### [Data provided]
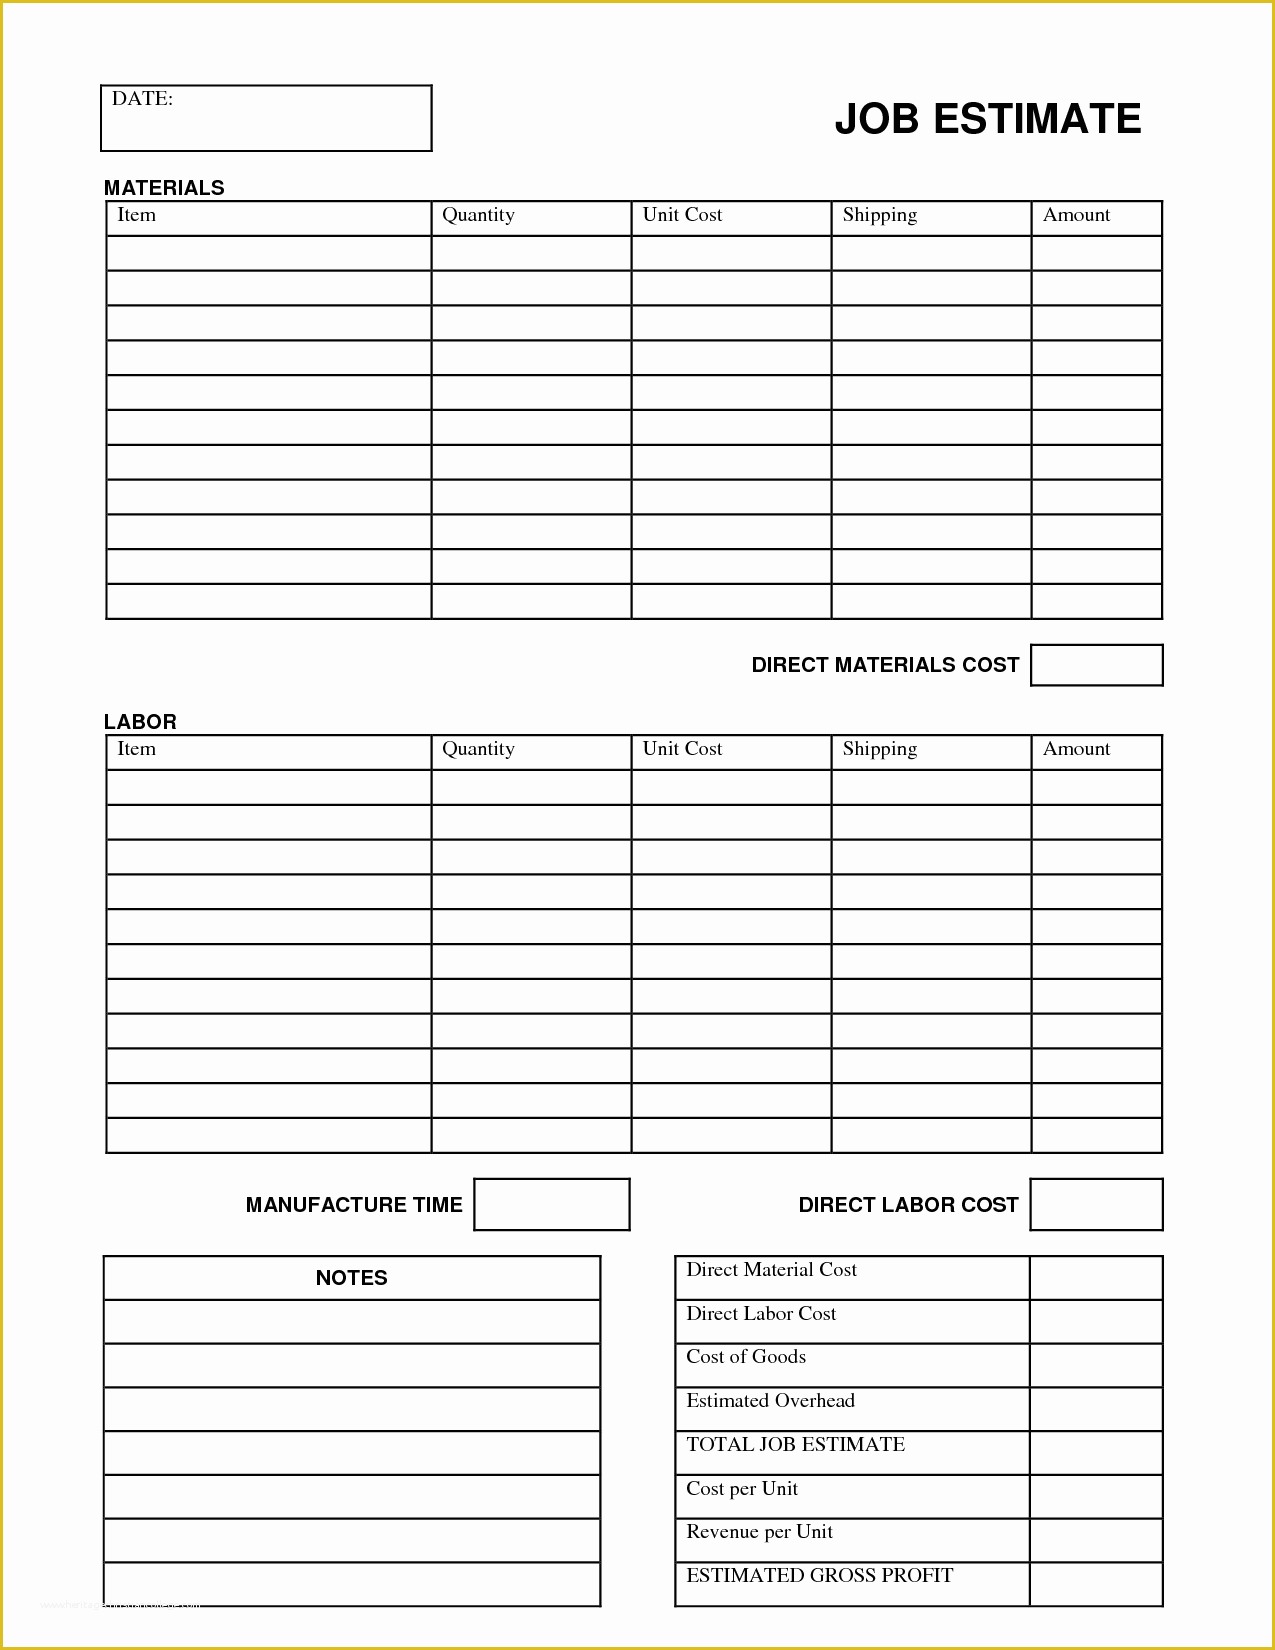 Free Bid Sheet Template Of Printable Job Estimate forms
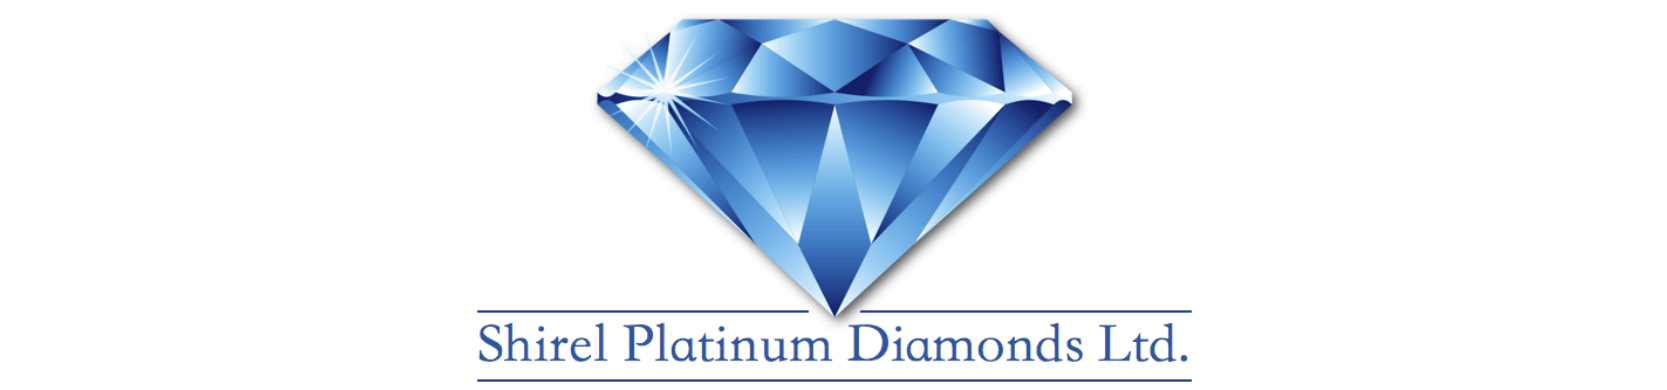 Shirel Platinum Diamonds
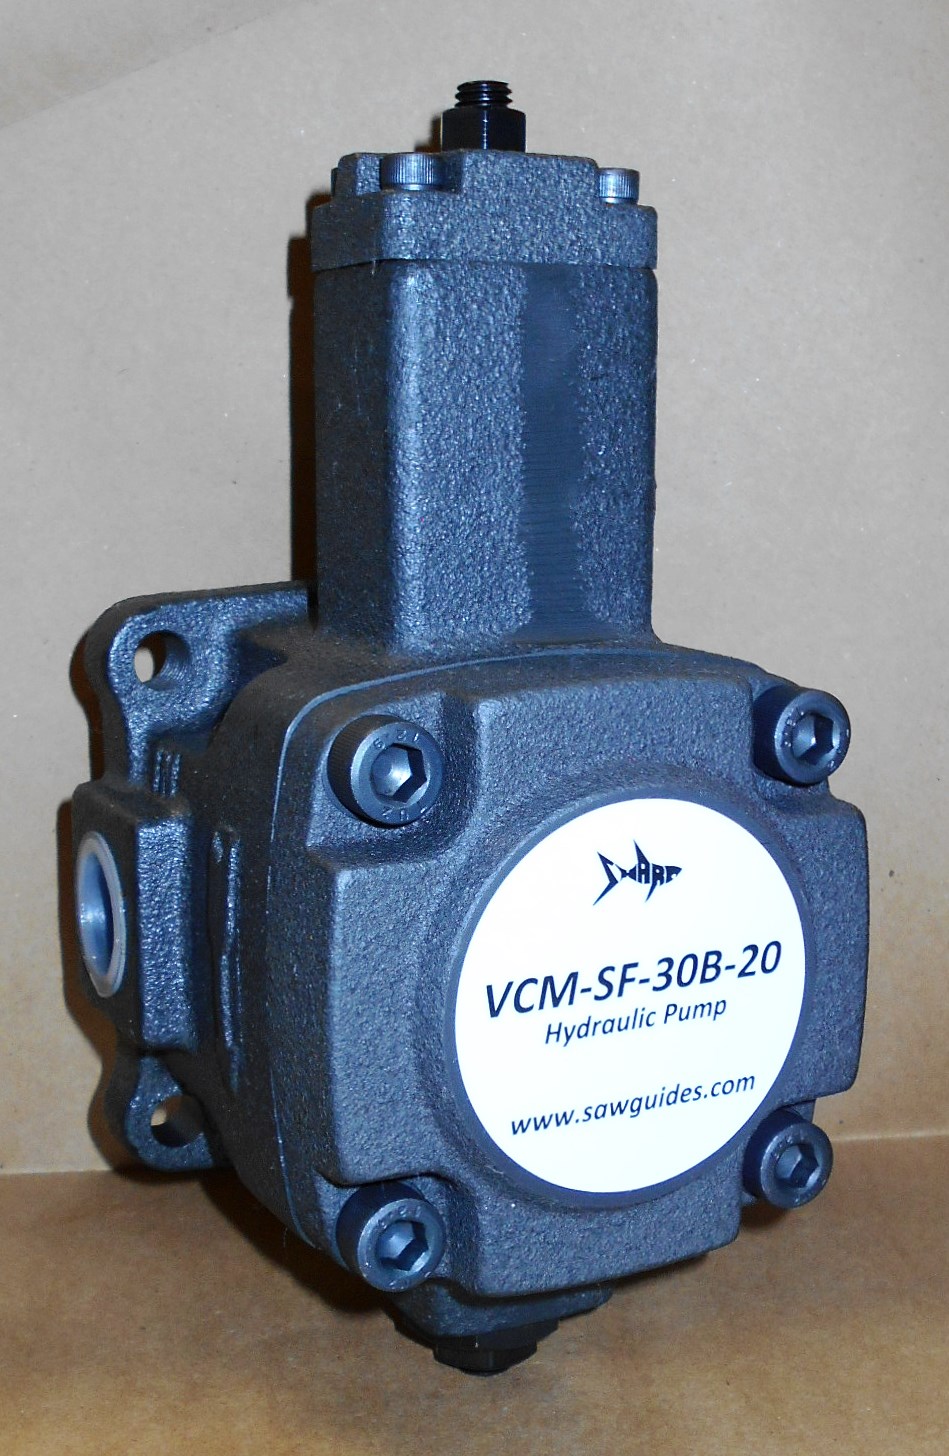 VCM-SF-30B-20

### [Activity]
With the pictures removed, return the listing above in its exact original wording.

### [Expected answer]
 Free Bid Sheet Template Of Printable Job Estimate forms
 Shirel Platinum Diamonds
 VCM-SF-30B-20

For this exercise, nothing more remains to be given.